## [Activity]
Go through the listing below, and from the line containing "JoSiTo Camp 2013" through its last line, transcribe every line exactly, skipping pictures.

## [Dataset excerpt]
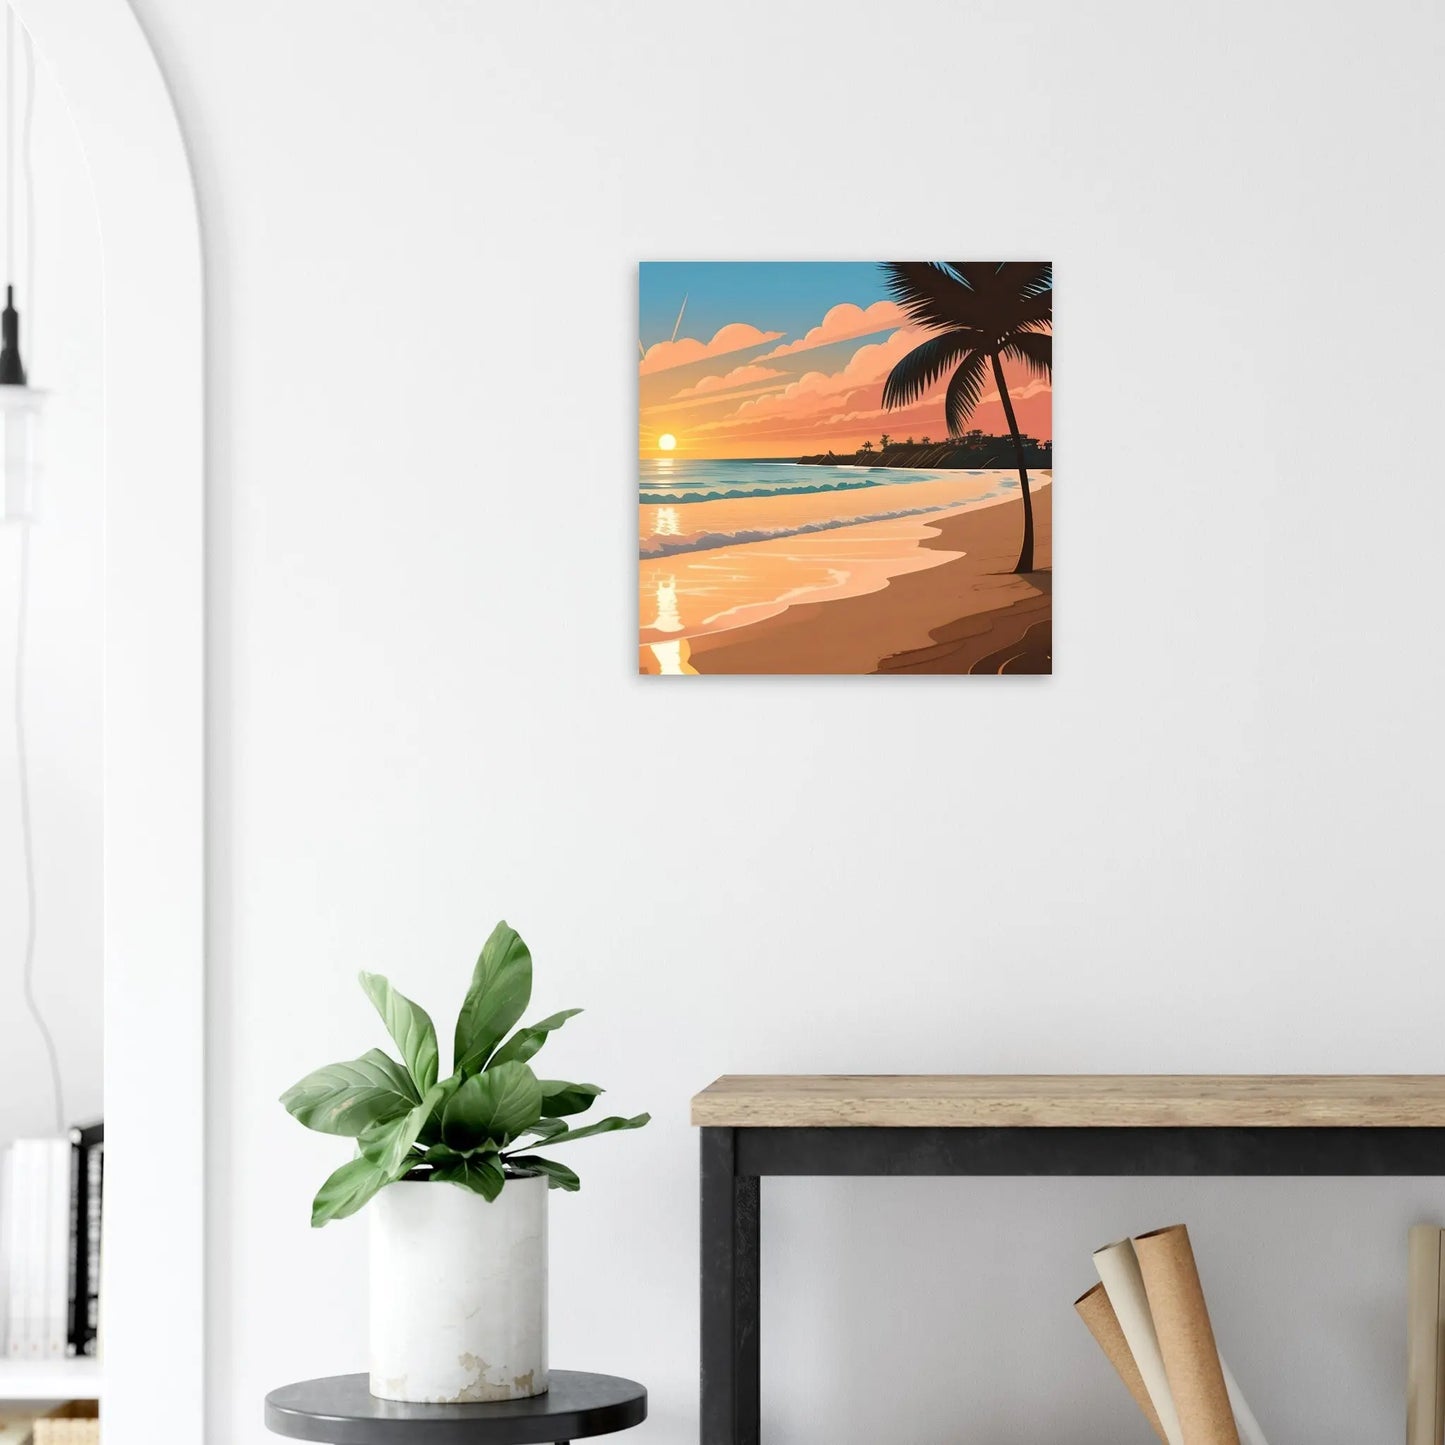 Moderner Forex-Druck - Abendsonne am Meer - Digitaler Stil, KI-Kunst - RolConArt, Landschaften, 50x50-cm-20x20-Weiß
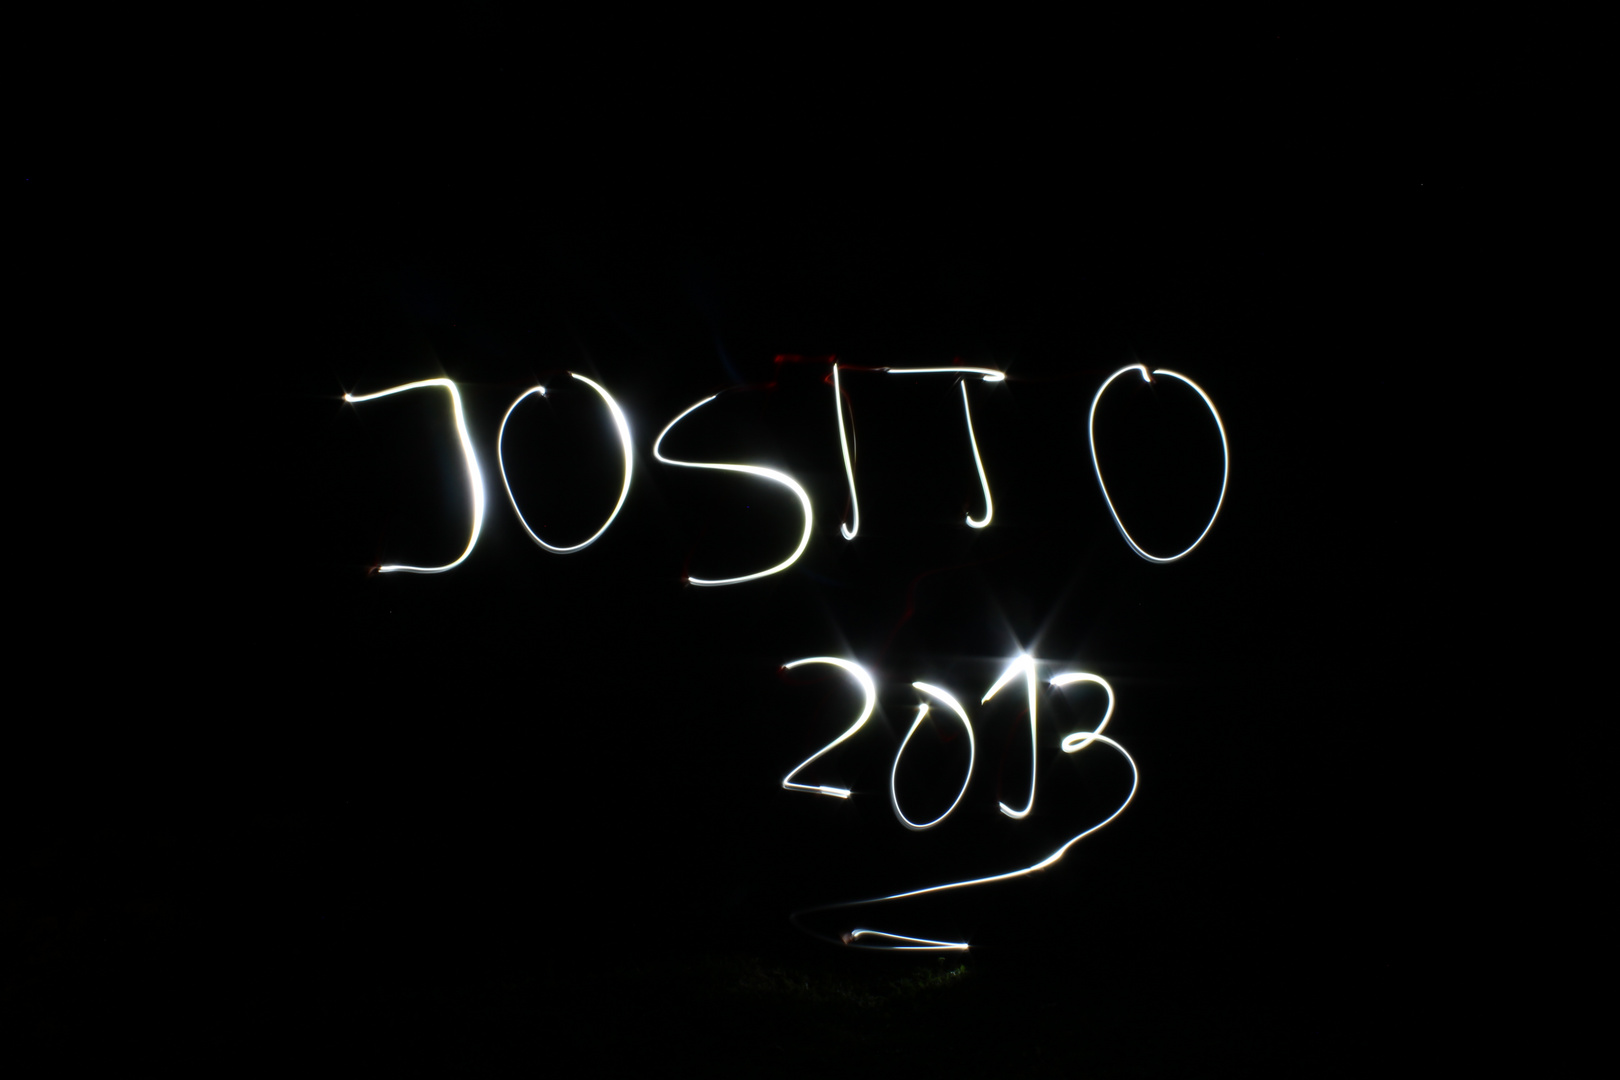 JoSiTo Camp 2013
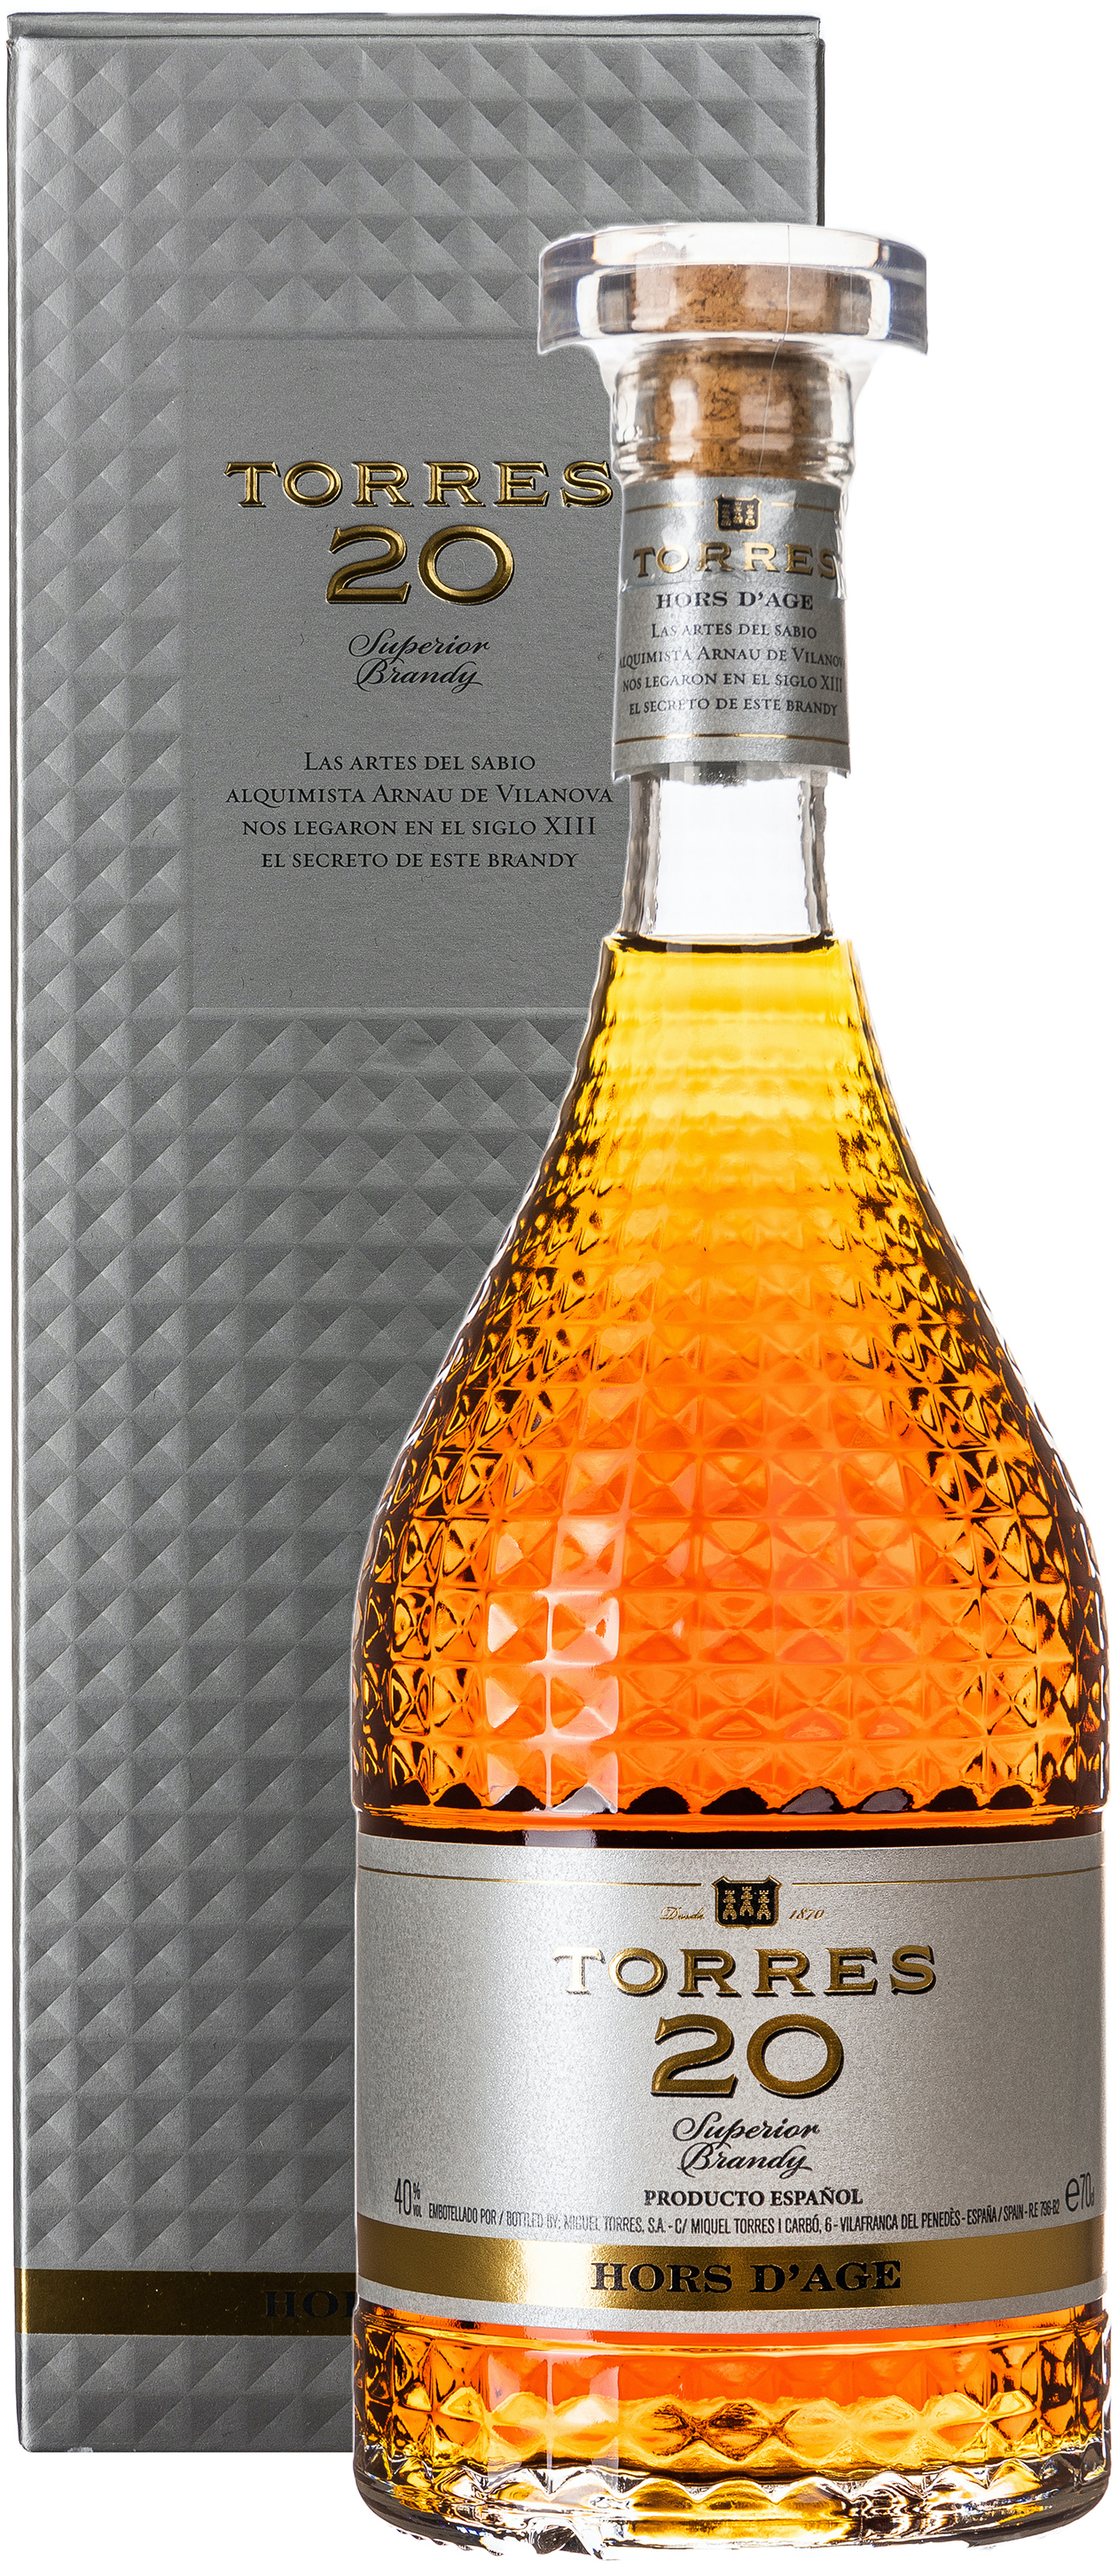 Torres 20 Superior Brandy 40% vol. 0,7L

## [Expected answer]
 JoSiTo Camp 2013
 Torres 20 Superior Brandy 40% vol. 0,7L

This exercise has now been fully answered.